The watershed in the Southeastern China is characteristic with the unique vertical pattern with the dramatically decrease of topography. The topography also cause the vertical distribution pattern of territorial conditions and non-point source nitrogen and phosphorus loss, which is also affected by the retention impacts by the cascade reservoirs in the middle and downstream of the basin. The Lancang river Basin was selected as the case study area to explore the vertical loss dynamics of typical non-point source pollutants between upper higher evaluation areas with the middle- down stream of the basin. The cascade reservoirs in the middle and downstream of the basin also can highlight the accumulated retention impacts. Based on the previous field eco-hydrology monitoring in cold condition, the field measurements about surface runoff, soil water and non-point sources of nitrogen and phosphorus pollution will be carried supplementary in the upper stream cold plateaus watershed. The soil-plant-meteorological-hydrological monitoring networks will be set to explore the non-point source nitrogen and phosphorus loss mechanism under the impact of the temperature in thawing process and rainfall in summer.
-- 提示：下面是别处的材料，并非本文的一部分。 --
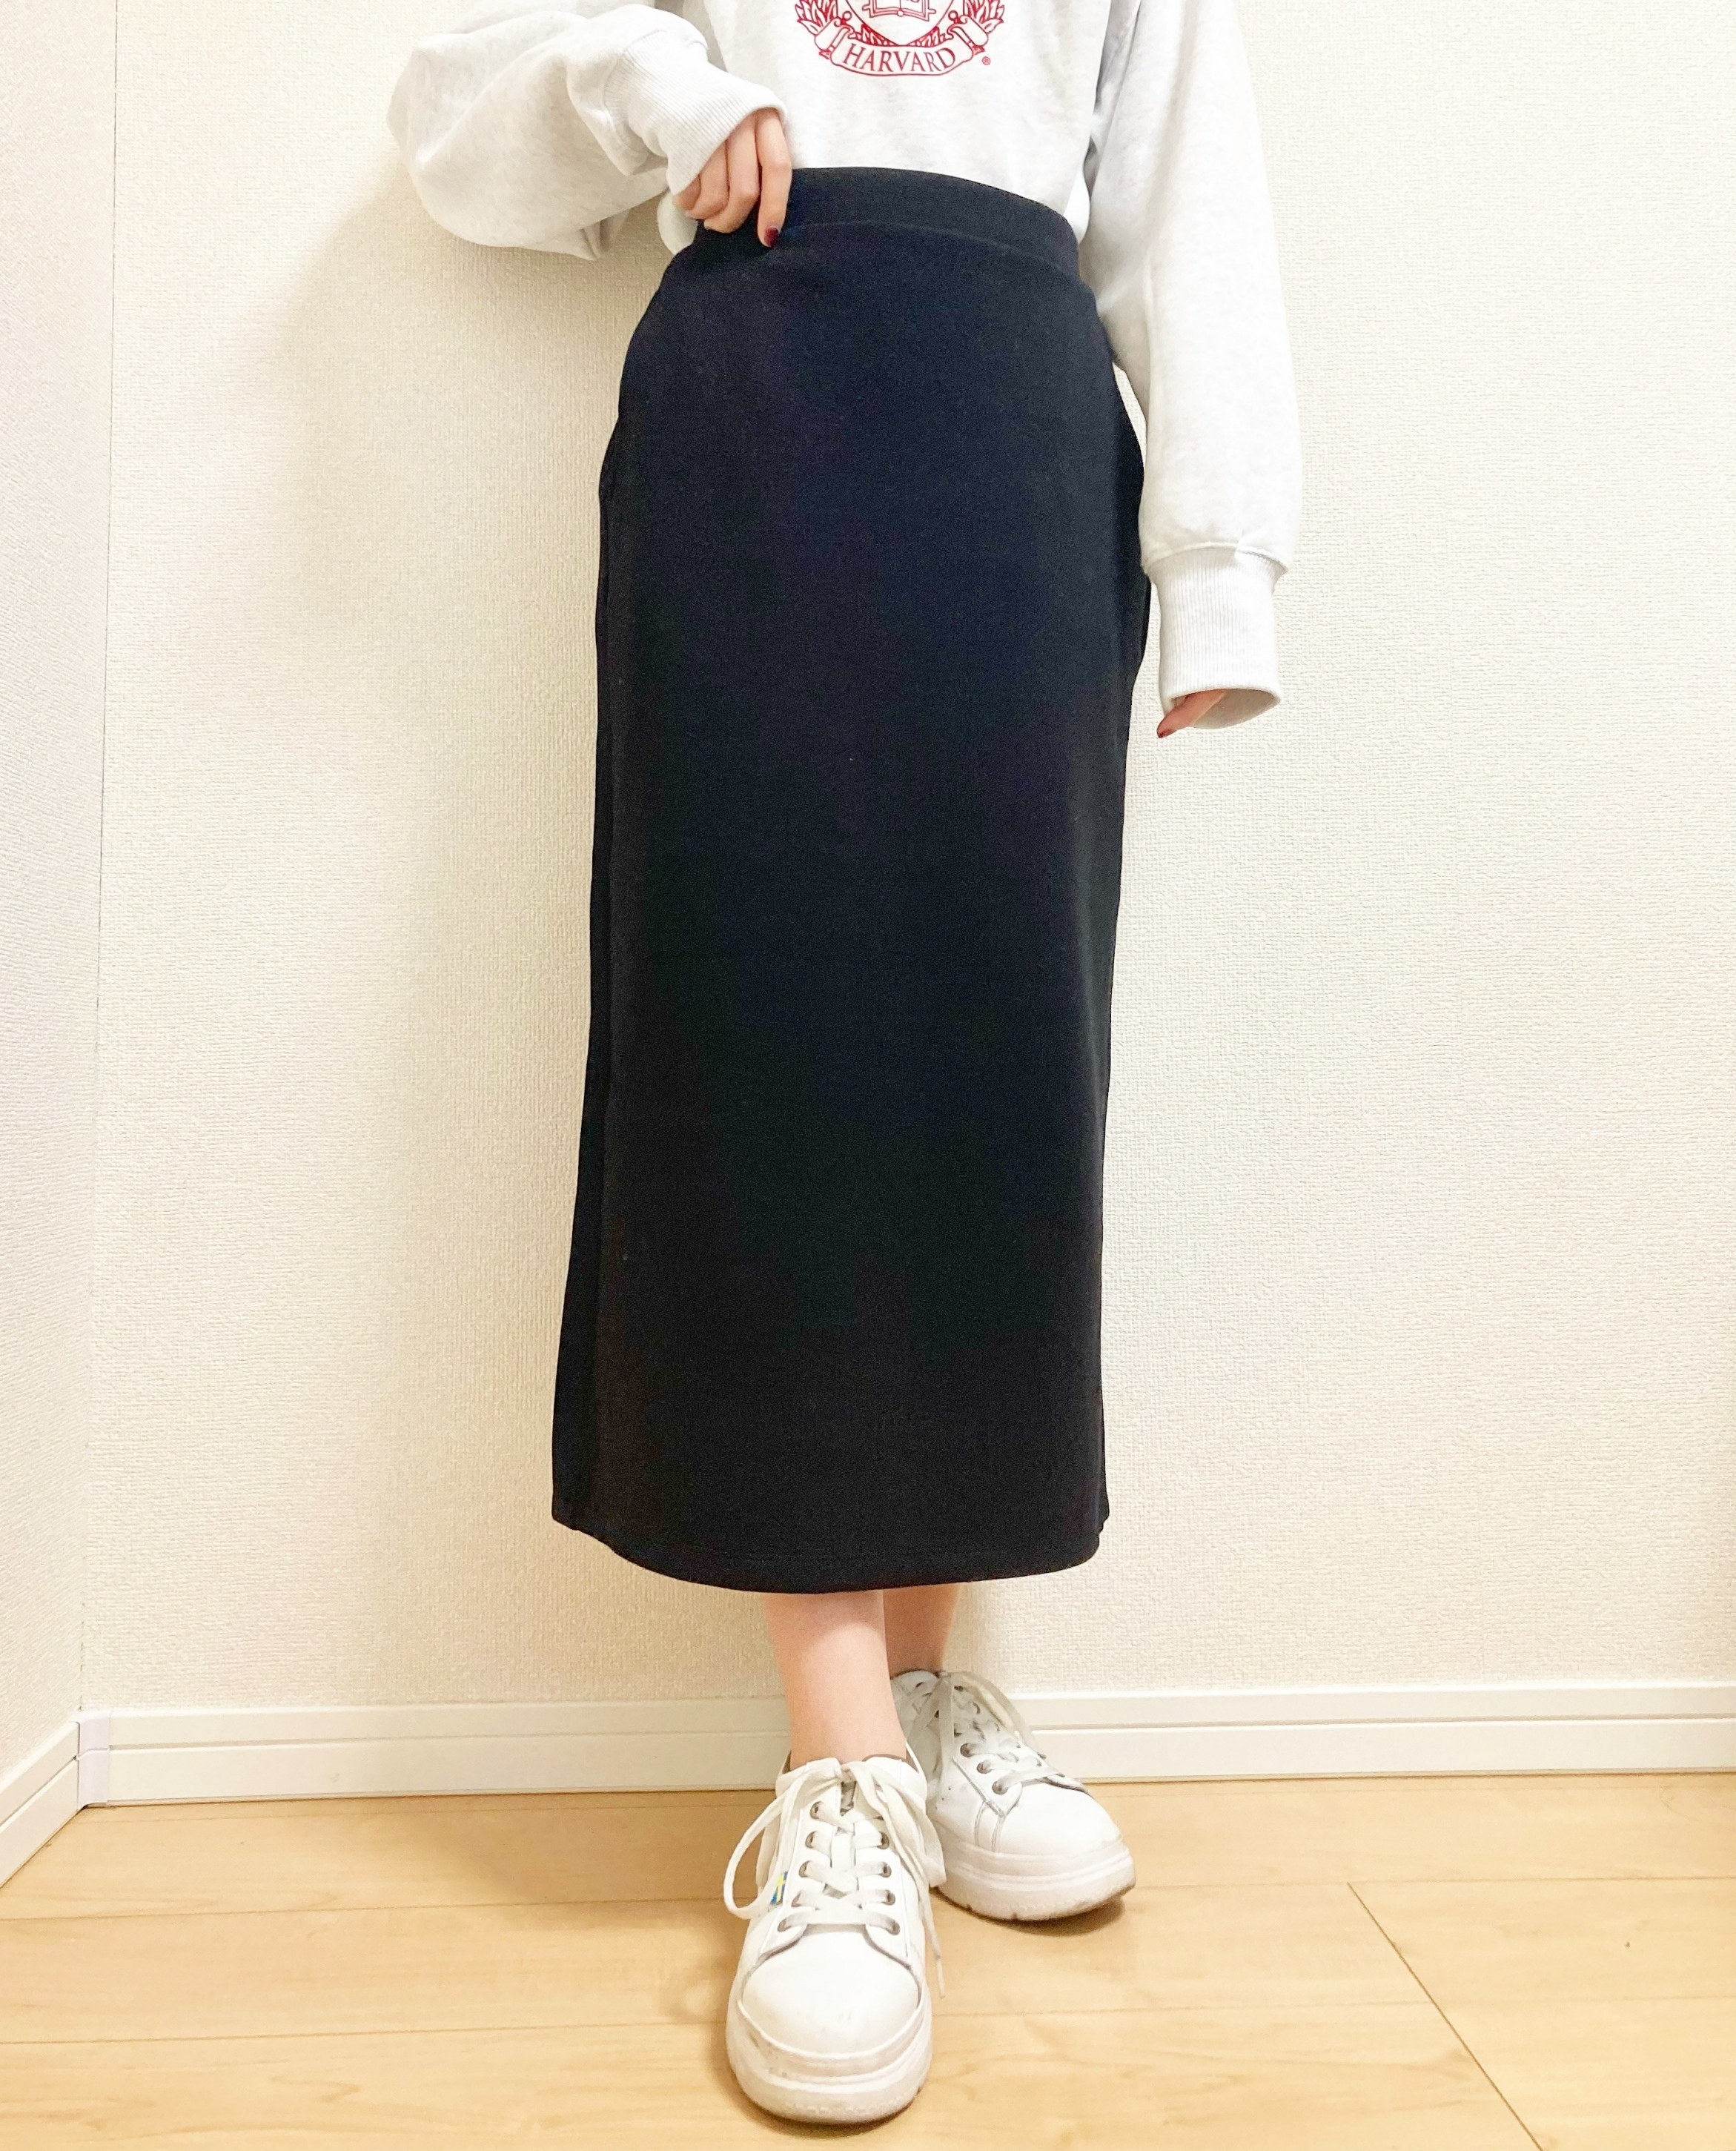 GU（ジーユー）のおすすめレディースファッション「カットソーナローミディスカート」のコーディネート

Two subbasins were selected to compare the loading differences under the combined impacts temperature and rainfall in cold plateaus. The watershed territorial vegetation distributions patterns were expressed by the series MODIS images, which was positive for the formation understanding of the NPS pollution. Based on the operation parameters of the cascade reservoirs, the SWAT modeling system was calibrated with the historical monitoring data. With the watershed land use from 1975 to 2016, long-term spatial patterns of non-point source pollution in the whole watershed was quantified. The transmission process of non-point source pollutants in the river basin of cascade dam can be expressed. The study covered the innovative points of non-point source pollution formation in Southwest watersheds and the accumulated detention of cascade dams, which will provide scientific guidelines for integrated basin water resources and environmental management.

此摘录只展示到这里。